According to BibleSprout, Ezekiel 28:12-19 describes the “first passage relating to Satan’s fall is found in Ezekiel 28:12-19 where Ezekiel describes the creation and judgment of a vile and vicious non-human creature whose name we find out later to be Lucifer”:

"Son of man, raise a lamentation over the king of Tyre and say to him, So said the Lord God: You are the one who engraves images, full of wisdom and perfect in beauty. In Eden, the garden of God you were; every precious stone was [set in] your covering; ruby, topaz, diamond, chrysolite, onyx, and jasper, sapphire, carbuncle, and crystal and gold; the work of your drums and your orifices is in you; on the day of your creation they were established. You were a cherub of great measure, that covers, and I gave that to you; you were on the mount of the sanctuary of God: you walked among stones of fire. You were perfect in your ways from the day you were created until wrongdoing was found in you. Because of the multitude of your commerce, they filled you with violence and you sinned, and I shall cast you as profane from the mountain of God, and I shall destroy you, O covering cherub, from among the stones of fire. Your heart became haughty because of your beauty; you destroyed your wisdom with your brightness; I have cast you upon the ground; I have set you before kings to gaze upon you. Because of the multitude of your iniquities, with the wrongdoing of your commerce, you profaned your sanctity, and I shall bring forth fire out of your midst-it will consume you, and I shall make you ashes on the ground before the eyes of all who see you. All who know you among the peoples will wonder over you; you shall be a terror, and you shall be no more, ever."

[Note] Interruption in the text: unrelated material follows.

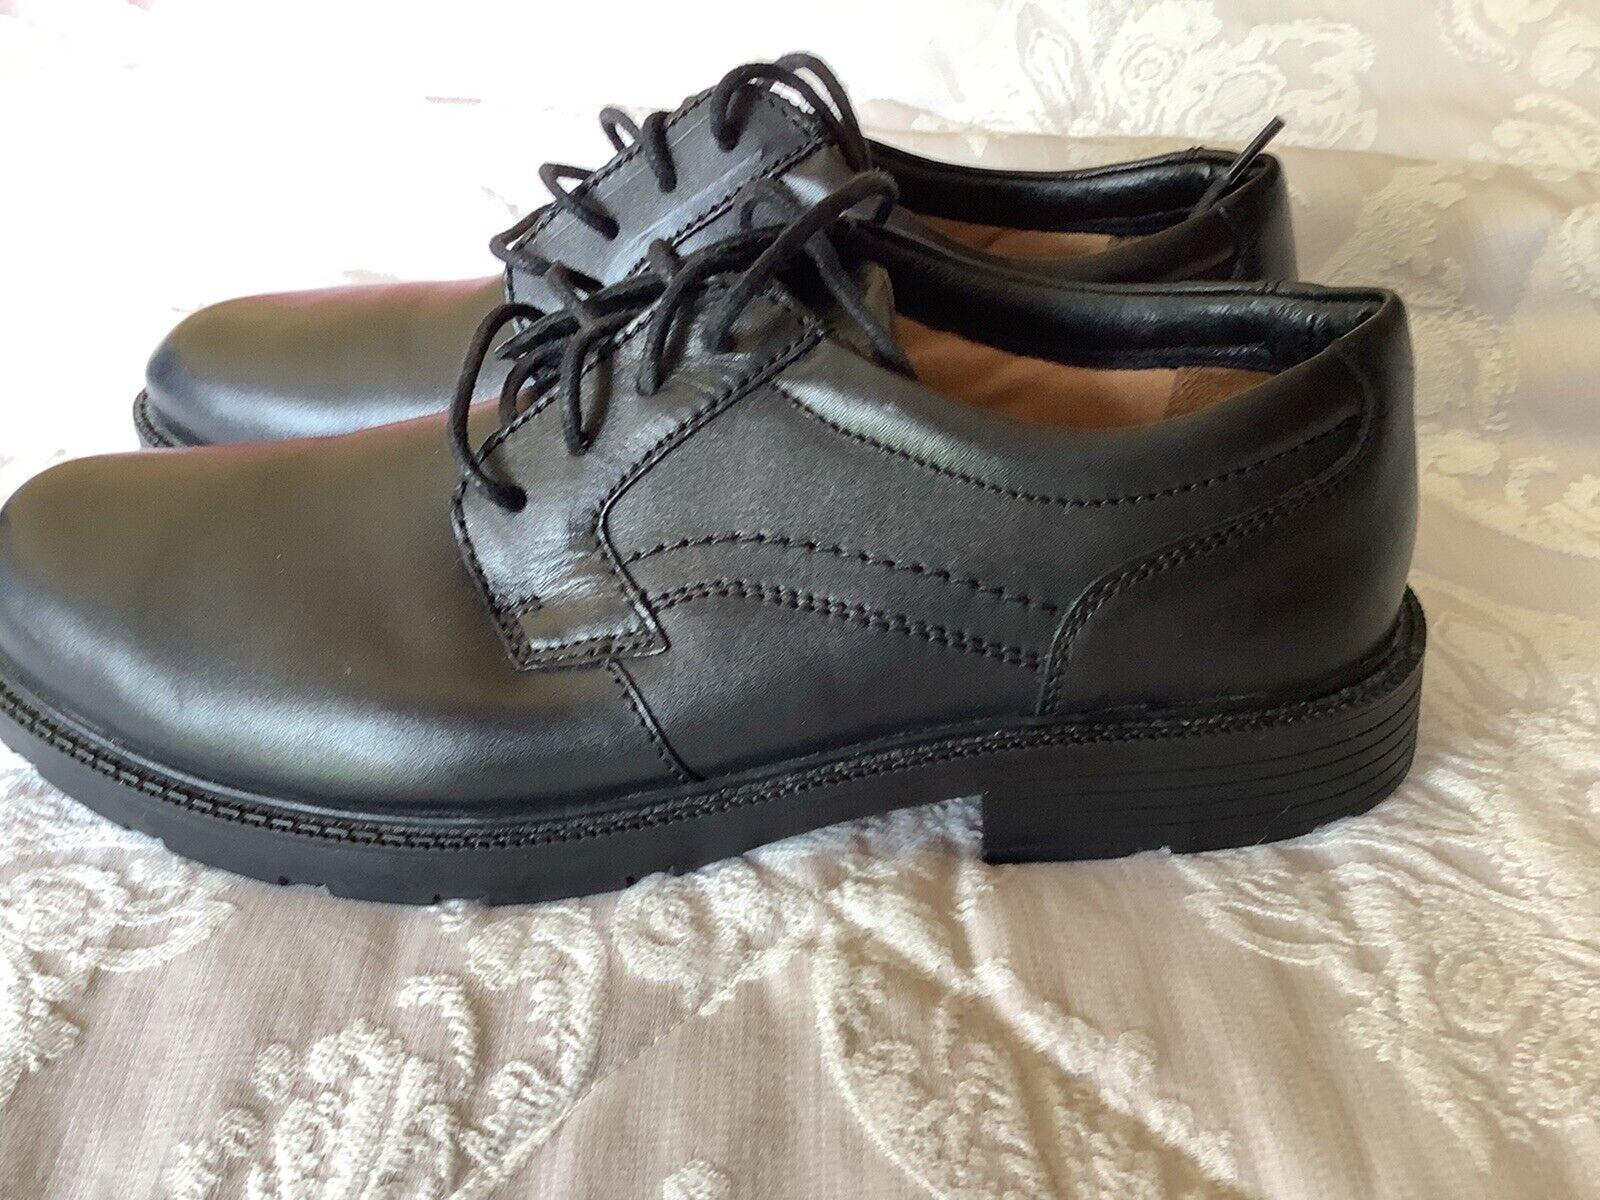 Clarks Sturdy Mens Black Leather Shoes UK Size 9G

However, it is hard to imagine God referring to Satan as “Son of Man,” but is clear from the context that He is referring to Ezekiel himself in this manner.

As well according to BibleSprout, “The second passage relating to Satan’s fall is found in Isaiah 14:12-14 where the prophet Isaiah presents the origin and fall of Satan:”

How have you fallen from heaven, the morning star? You have been cut down to earth, You who cast lots on nations. And you said to yourself, 'To the heavens will I ascend, above God's stars will I raise my throne, and I will sit on the mount of the assembly, in the farthest end of the north. I will ascend above the heights of the clouds; I will liken myself to the Most High.' (Isaiah 14:12-14)

According to the Jewish understanding this is a reference to Nebuchadnezzar, the king of Babylon.

It is important to note that the Christian Bible speaks about the fall of Satan in several places (Luke 10:18; II Peter 2:4; Jude 6; Revelation 12:4), but it is important to understand that just because the Christian Bible follows the Jewish Bible does not mean that Christians believe Satan fell at the time that those books were being written. Instead, the Christian belief is that Satan rebelled against God at some very early point in history, such as in Genesis, but was recorded in the Christian Bible. For more information about a Christian attempt to identify when Satan was expelled from Heaven, see When Were Satan and His Angels Cast out of Heaven?

Conclusion

Perhaps the best question to close this with is whether or not an angel that has been expelled from Heaven has the ability to perform its duties away from the dominion of God? We know for a fact that Satan tempts humanity to this day, which indicates that he is still doing his task. However, Christianity’s stance that Satan tempts humanity is done against God’s wishes, while according to Judaism he does so at God’s behest. This difference amounts to a significant theological difference. In the Jewish view everything that exists is under God’s dominion, even evil, while in the Christian view the source of evil is considered to be an aberration of God’s Will that has to be defeated. This calls into question God’s abilities and is at the very center of two very different world views.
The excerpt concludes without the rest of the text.